It is common that users do not have a clear idea of the kind of patterns they can discover or need to discover from the data at hand. It is therefore important to have a versatile and inclusive data mining system that allows the discovery of different kinds of knowledge and at different levels of abstraction. This also makes interactivity an important attribute of a data mining system.
Is all that is discovered interesting and useful?
Data mining allows the discovery of knowledge potentially useful and unknown. Whether the knowledge discovered is new, useful or interesting, is very subjective and depends upon the application and the user. It is certain that data mining can generate, or discover, a very large number of patterns or rules. In some cases the number of rules can reach the millions. One can even think of a meta-mining phase to mine the oversized data mining results. To reduce the number of patterns or rules discovered that have a high probability to be non-interesting, one has to put a measurement on the patterns. However, this raises the problem of completeness. The user would want to discover all rules or patterns, but only those that are interesting. The measurement of how interesting a discovery is, often called interestingness, can be based on quantifiable objective elements such as validity of the patterns when tested on new data with some degree of certainty, or on some subjective depictions such as understandability of the patterns, novelty of the patterns, or usefulness.
Discovered patterns can also be found interesting if they confirm or validate a hypothesis sought to be confirmed or unexpectedly contradict a common belief. This brings the issue of describing what is interesting to discover, such as meta-rule guided discovery that describes forms of rules before the discovery process, and interestingness refinement languages that interactively query the results for interesting patterns after the discovery phase. Typically, measurements for interestingness are based on thresholds set by the user.

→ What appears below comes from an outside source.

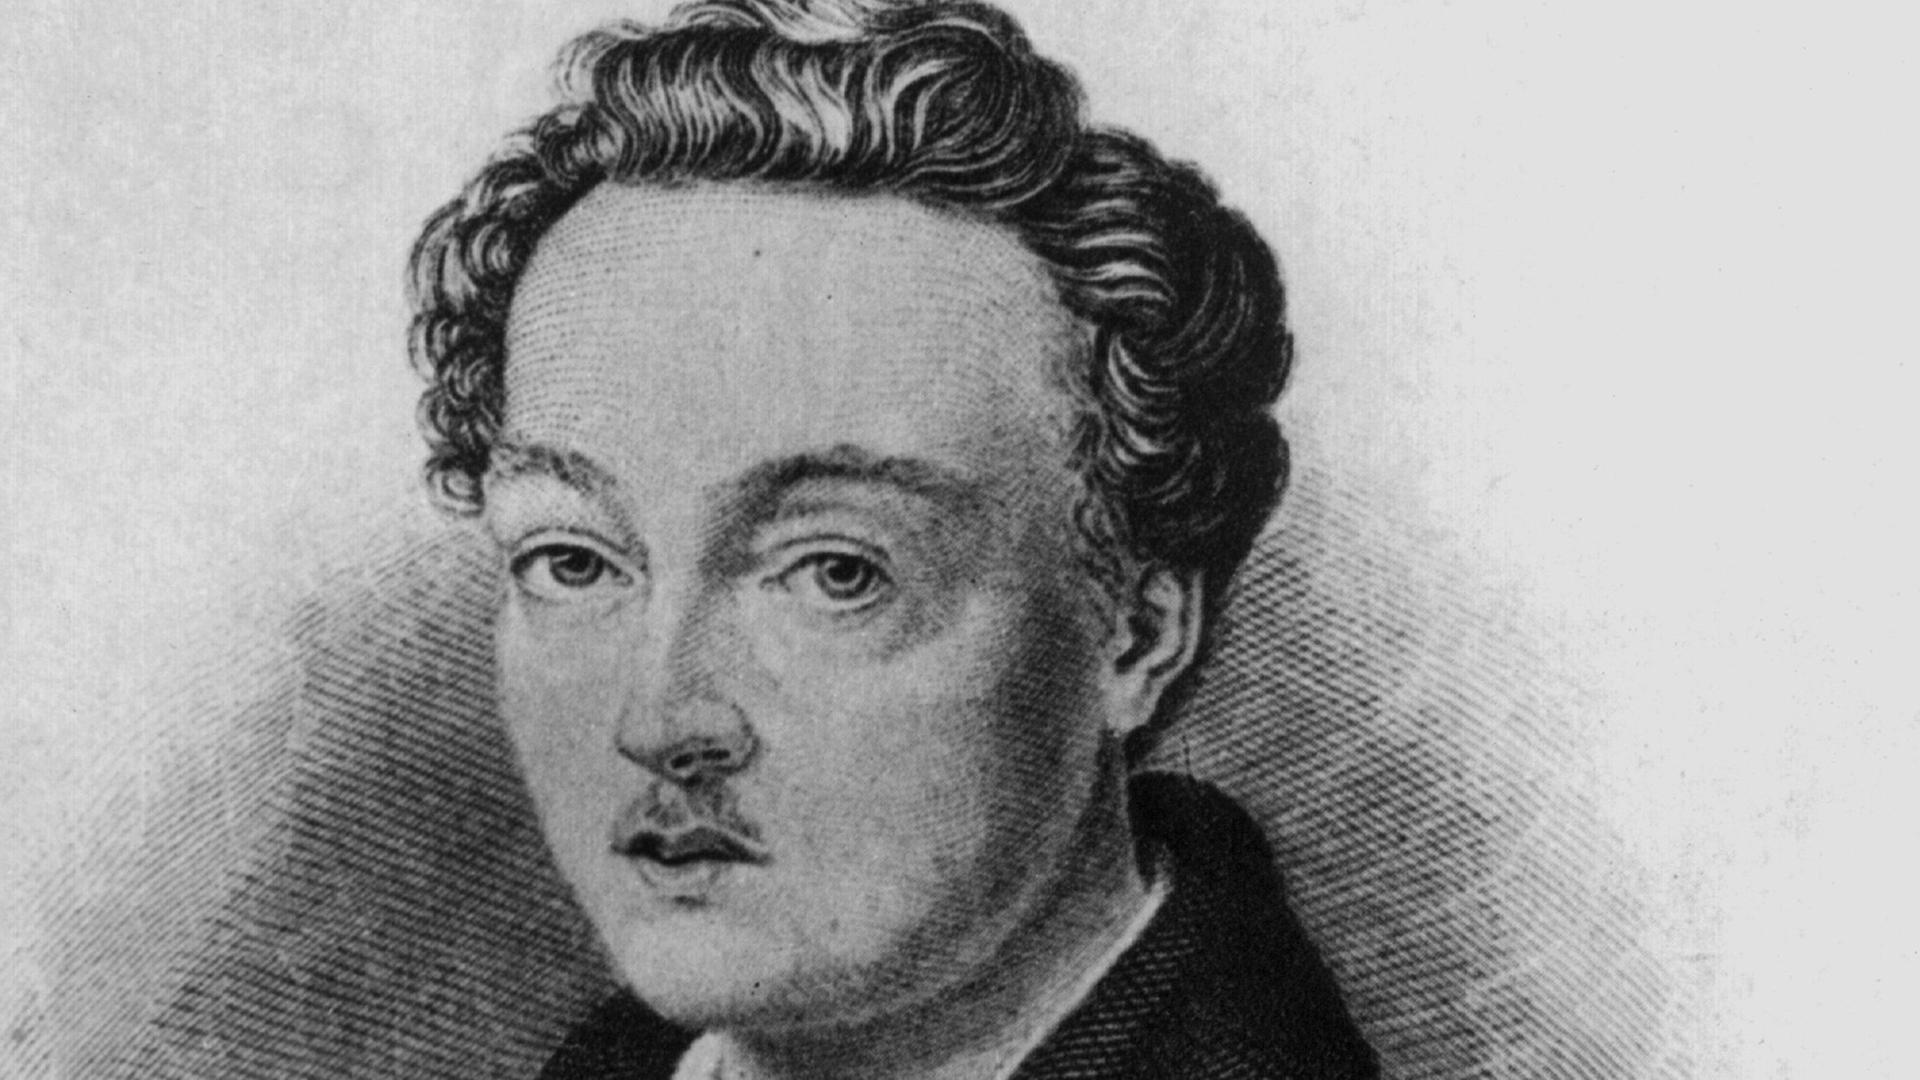 Georg Büchner, deutscher Dramatiker ("Dantons Tod"), geboren am 17. Oktober 1813 in Goddelau bei Darmstadt, gestorben am 19. Februar 1837 in Zürich.

These thresholds define the completeness of the patterns discovered.
Identifying and measuring the interestingness of patterns and rules discovered, or to be discovered, is essential for the evaluation of the mined knowledge and the KDD process as a whole. While some concrete measurements exist, assessing the interestingness of discovered knowledge is still an important research issue.
What kind of Data can be mined?
In principle, data mining is not specific to one type of media or data. Data mining should be applicable to any kind of information repository. However, algorithms and approaches may differ when applied to different types of data. Indeed, the challenges presented by different types of data vary significantly. Data mining is being put into use and studied for databases, including relational databases, object-relational databases and object-oriented databases, data warehouses, transactional databases, unstructured and semi-structured repositories such as the World Wide Web, advanced databases such as spatial databases, multimedia databases, time-series databases and textual databases, and even flat files. Here are some examples in more detail:
• Flat files: Flat files are actually the most common data source for data mining algorithms, especially at the research level. Flat files are simple data files in text or binary format with a structure known by the data mining algorithm to be applied. The data in these files can be transactions, time-series data, scientific measurements, etc.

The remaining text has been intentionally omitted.